● **Work to complete**: In your copy of the data, omit the pictures and keep all else exactly as given.

● **Source material**:
Content starts

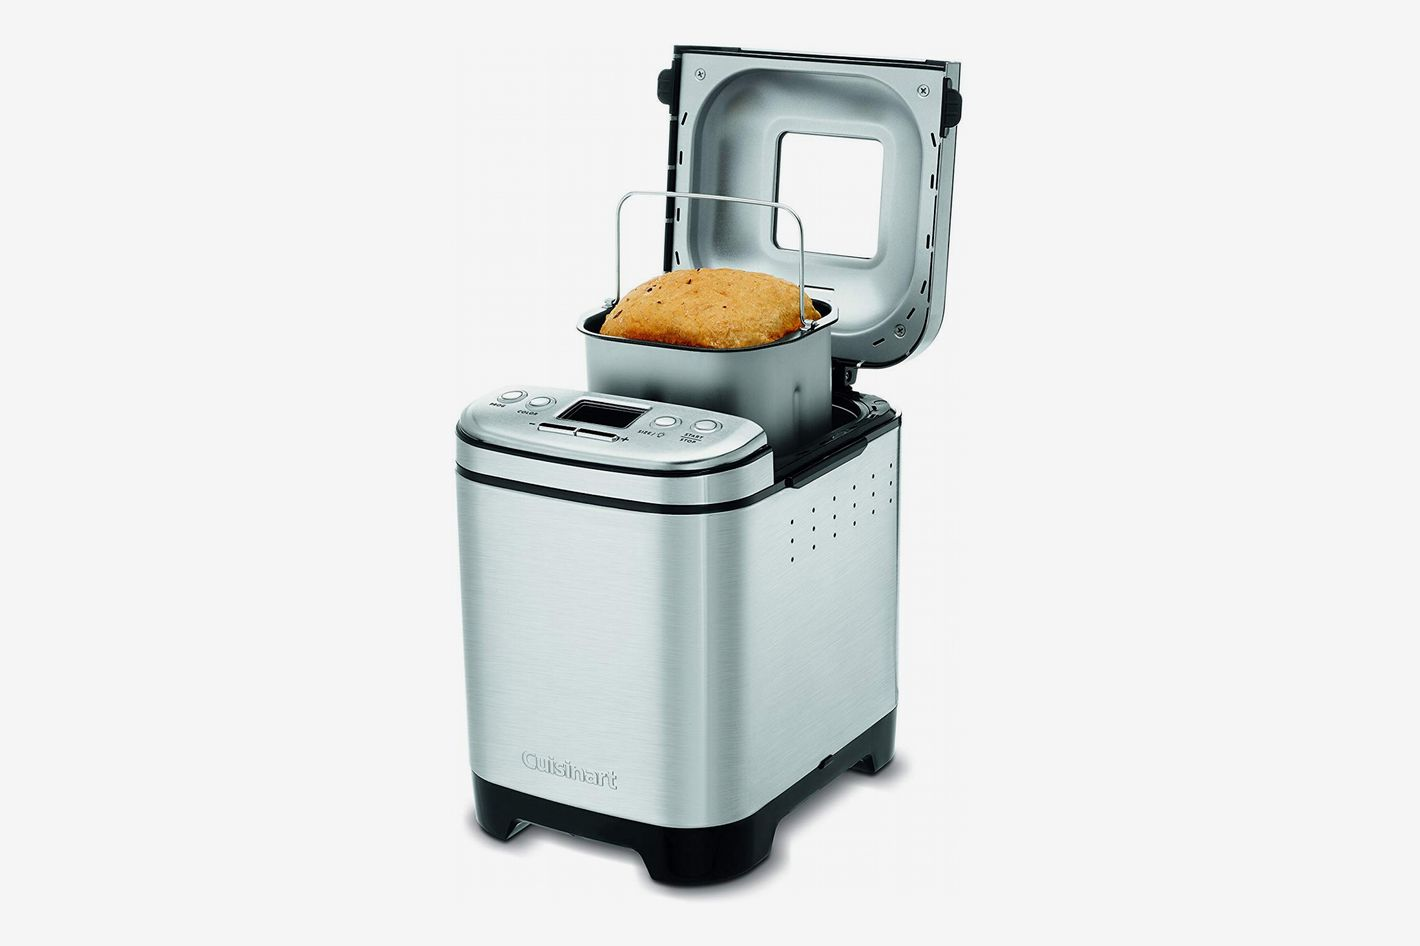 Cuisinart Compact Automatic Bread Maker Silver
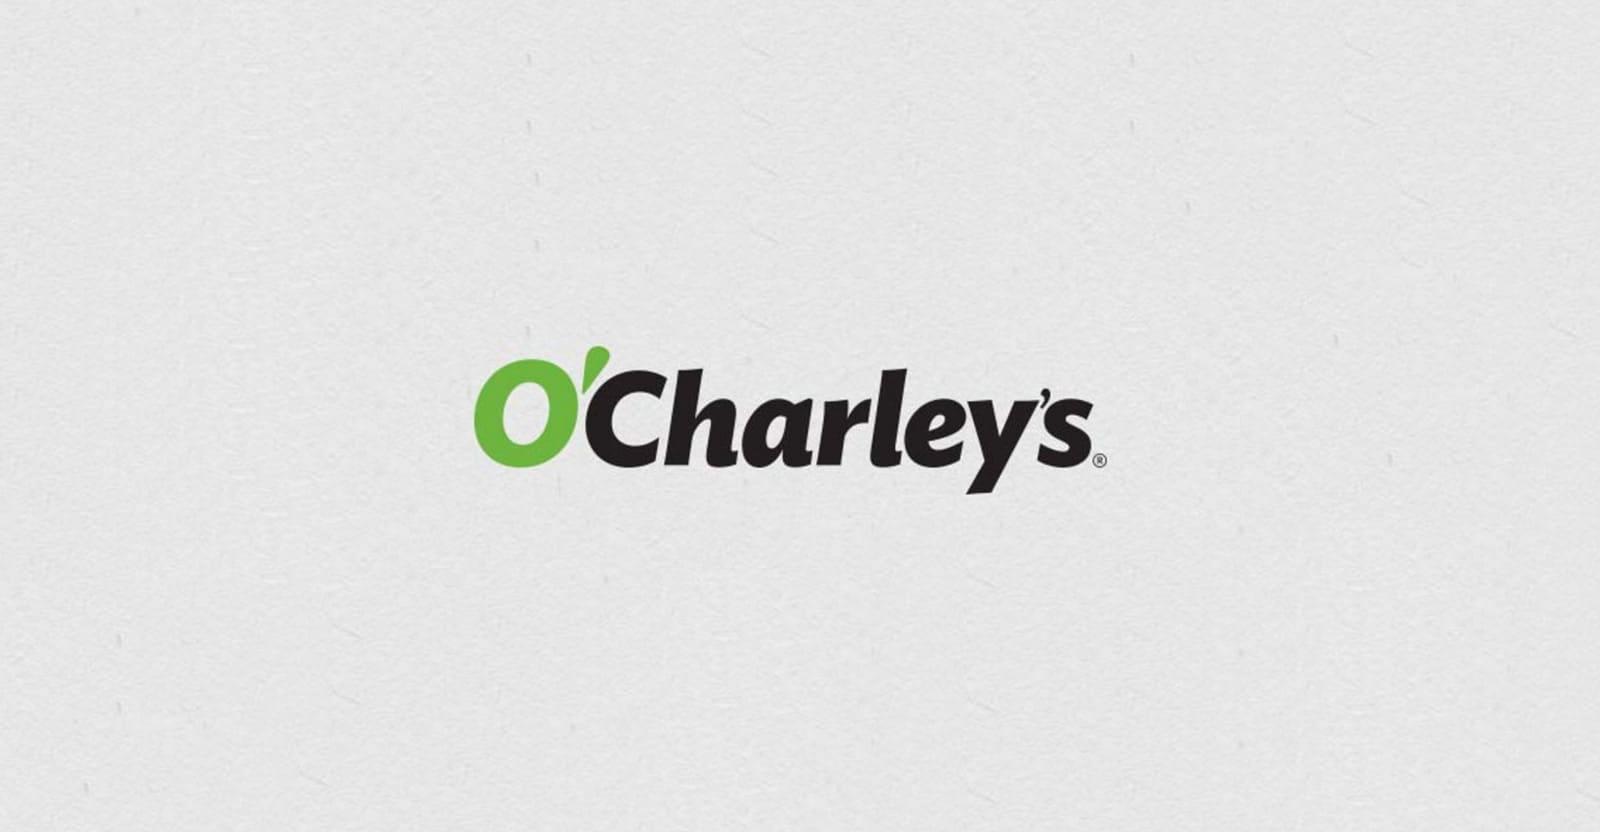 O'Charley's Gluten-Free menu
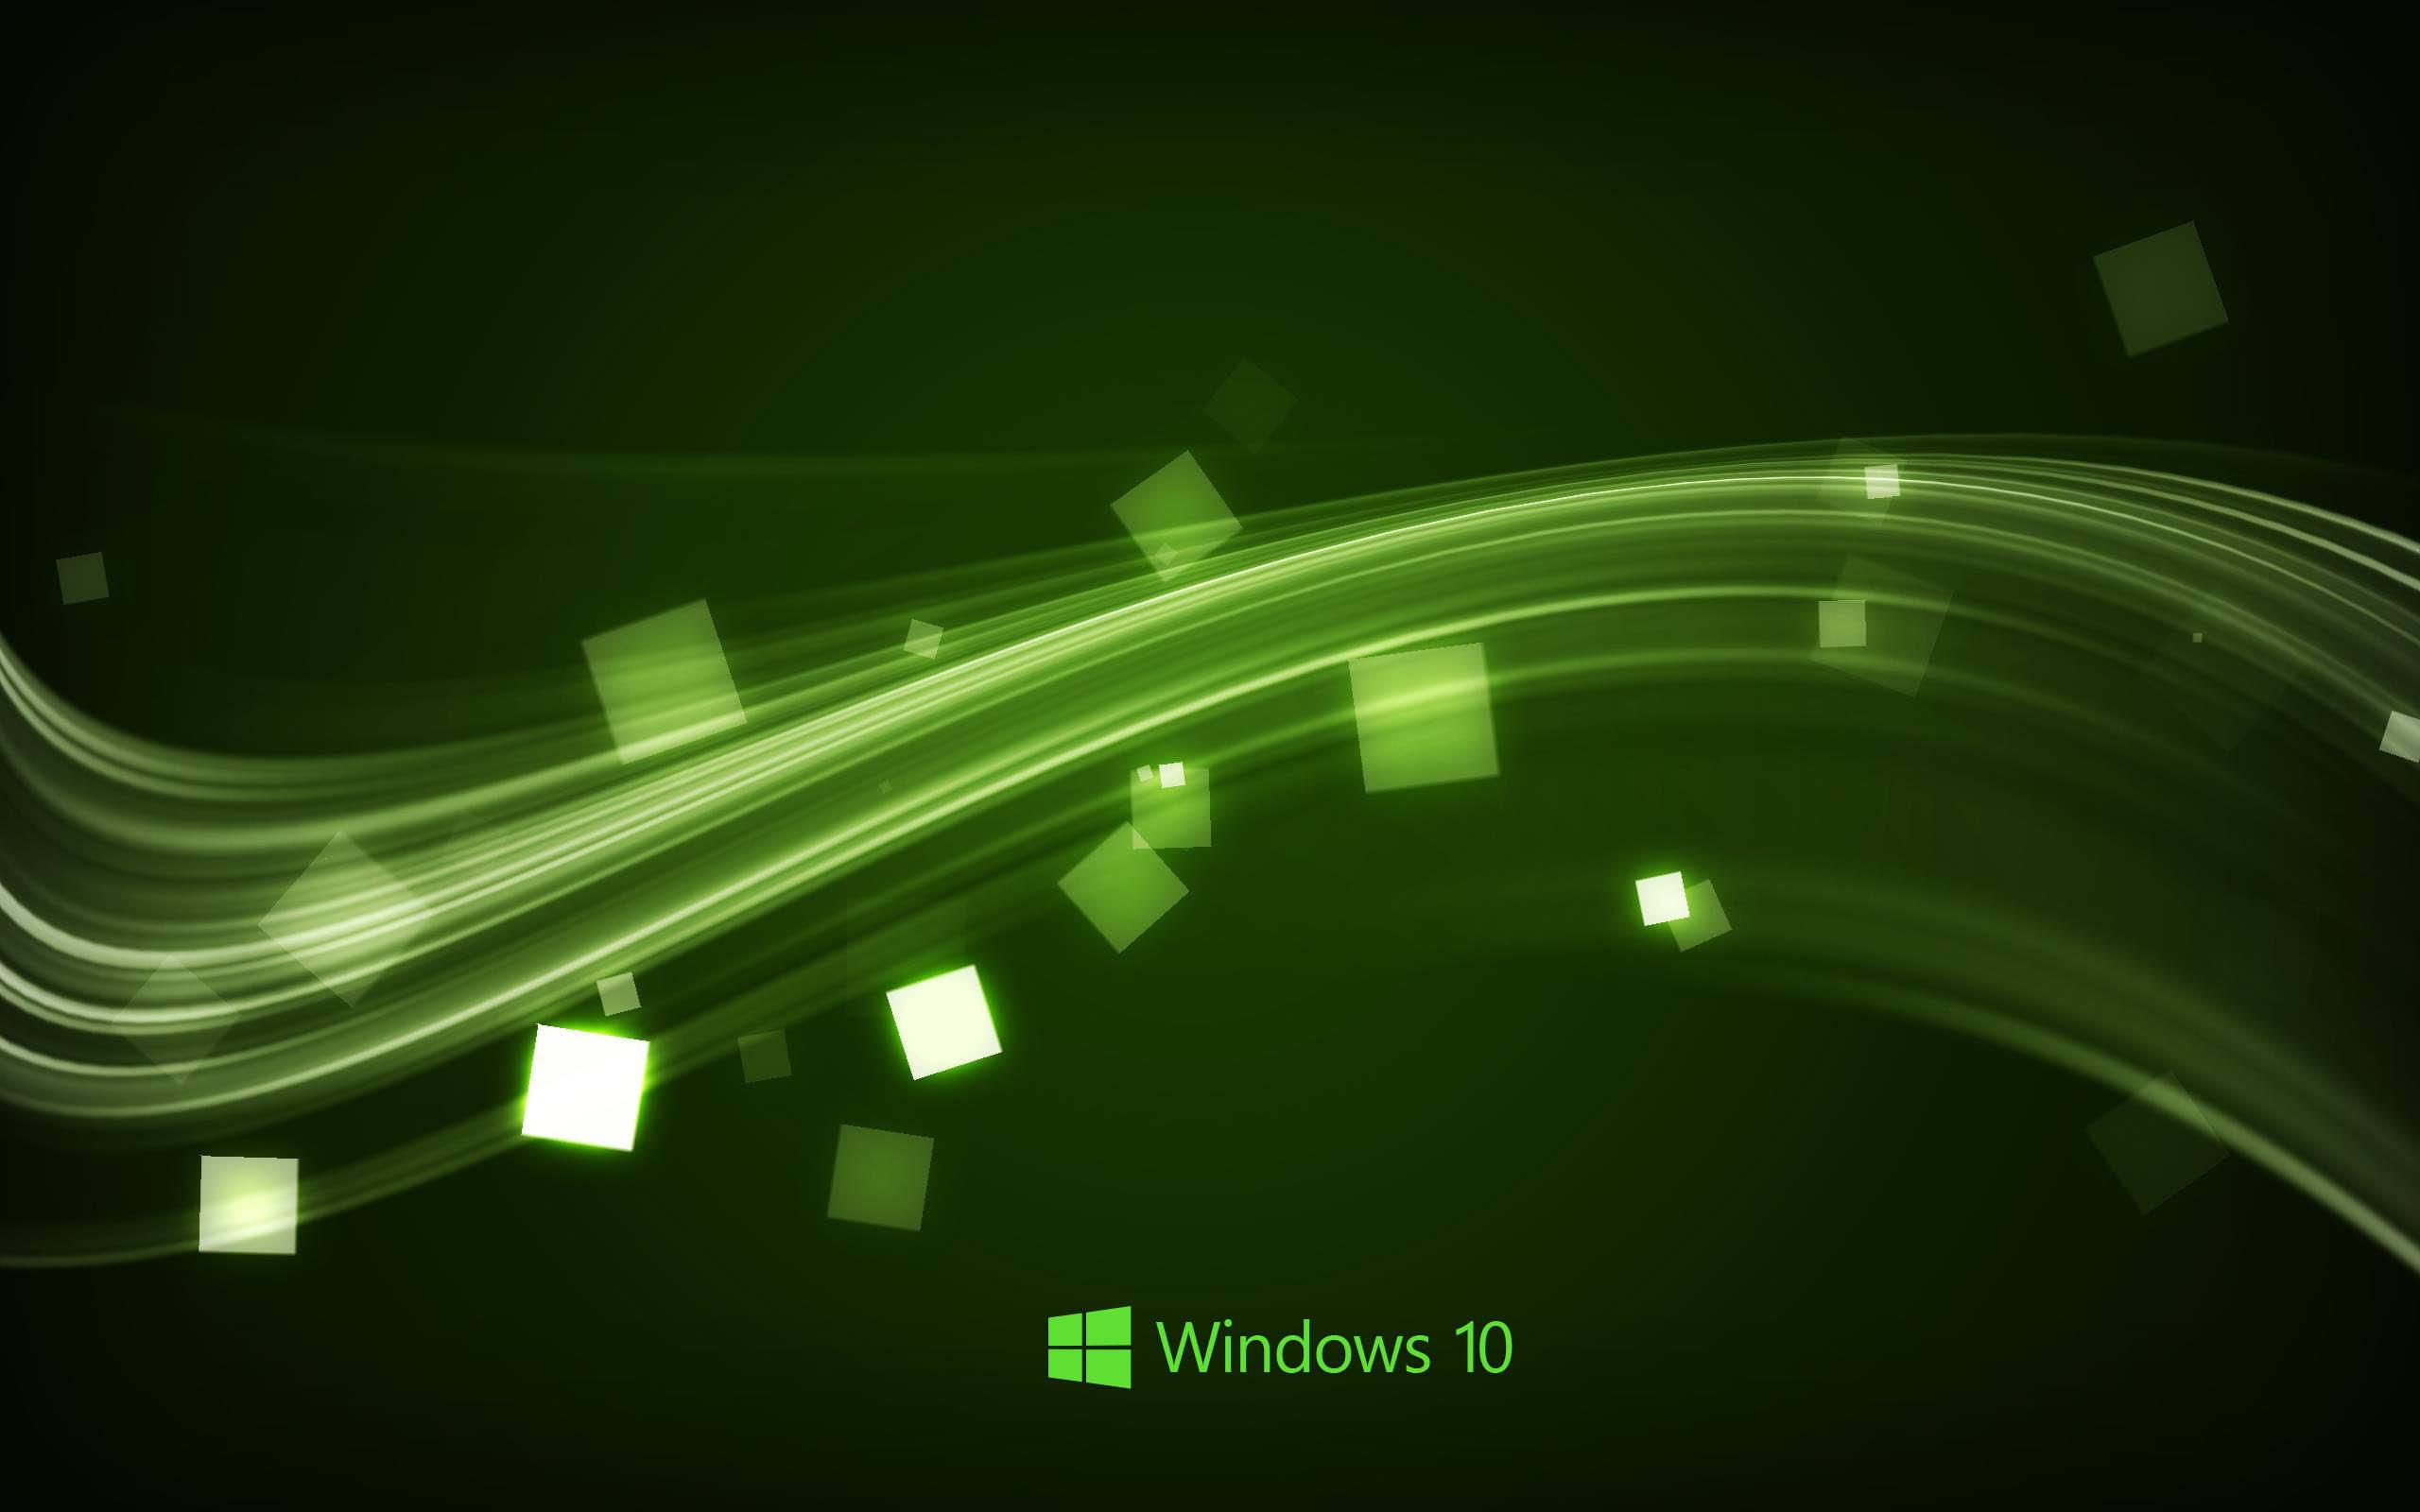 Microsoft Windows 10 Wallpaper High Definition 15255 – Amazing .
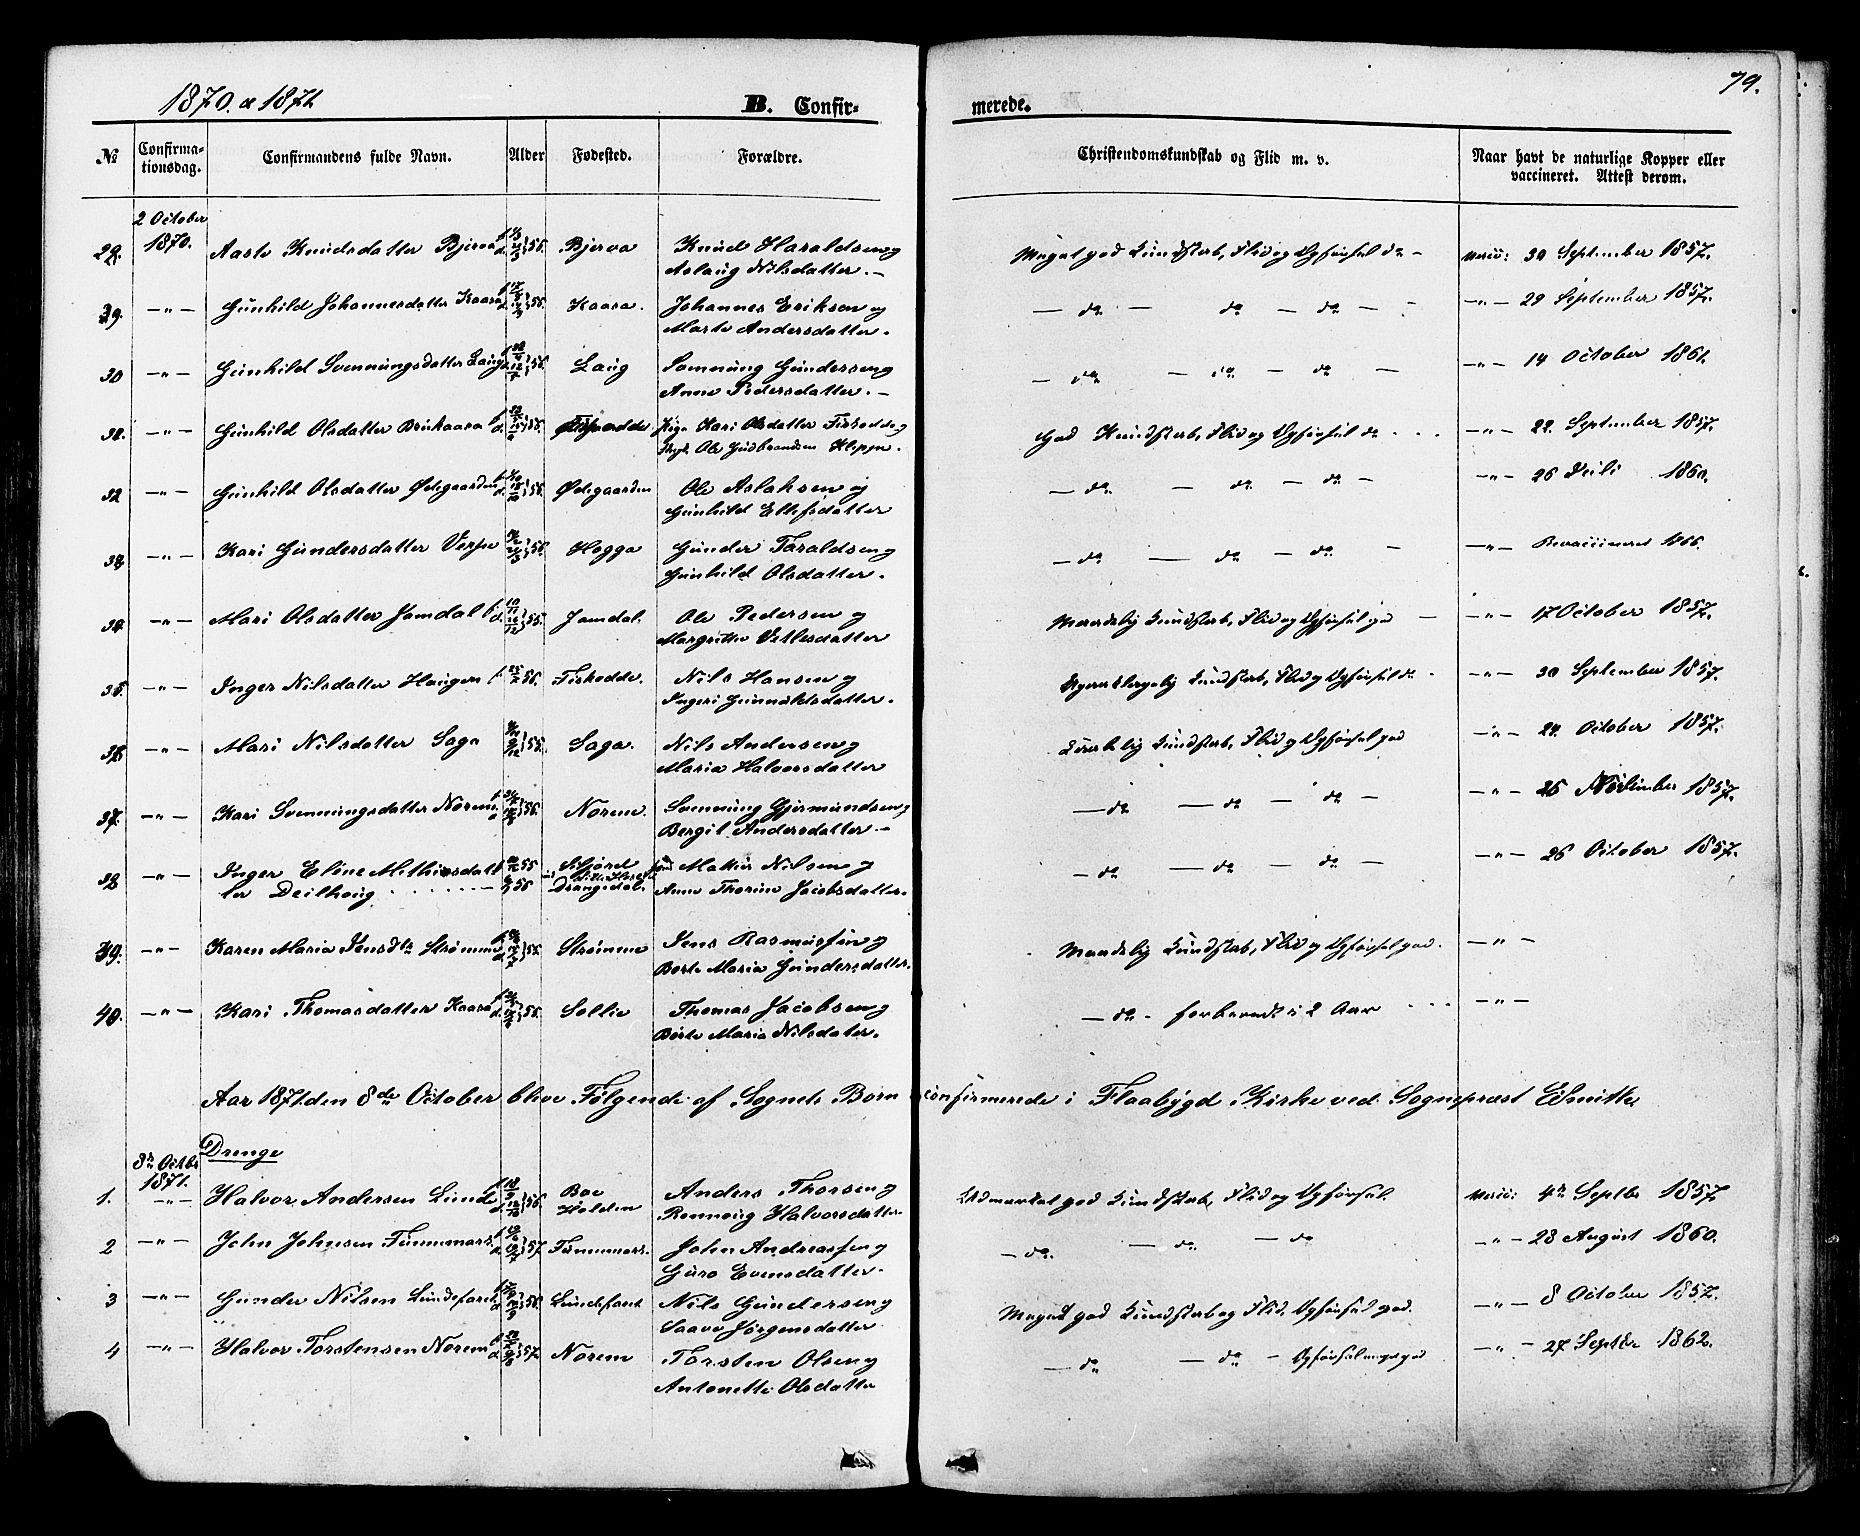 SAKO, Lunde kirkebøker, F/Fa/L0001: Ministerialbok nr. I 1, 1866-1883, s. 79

Content ends

● **Output**:
 Cuisinart Compact Automatic Bread Maker Silver
 O'Charley's Gluten-Free menu
 Microsoft Windows 10 Wallpaper High Definition 15255 – Amazing .
 SAKO, Lunde kirkebøker, F/Fa/L0001: Ministerialbok nr. I 1, 1866-1883, s. 79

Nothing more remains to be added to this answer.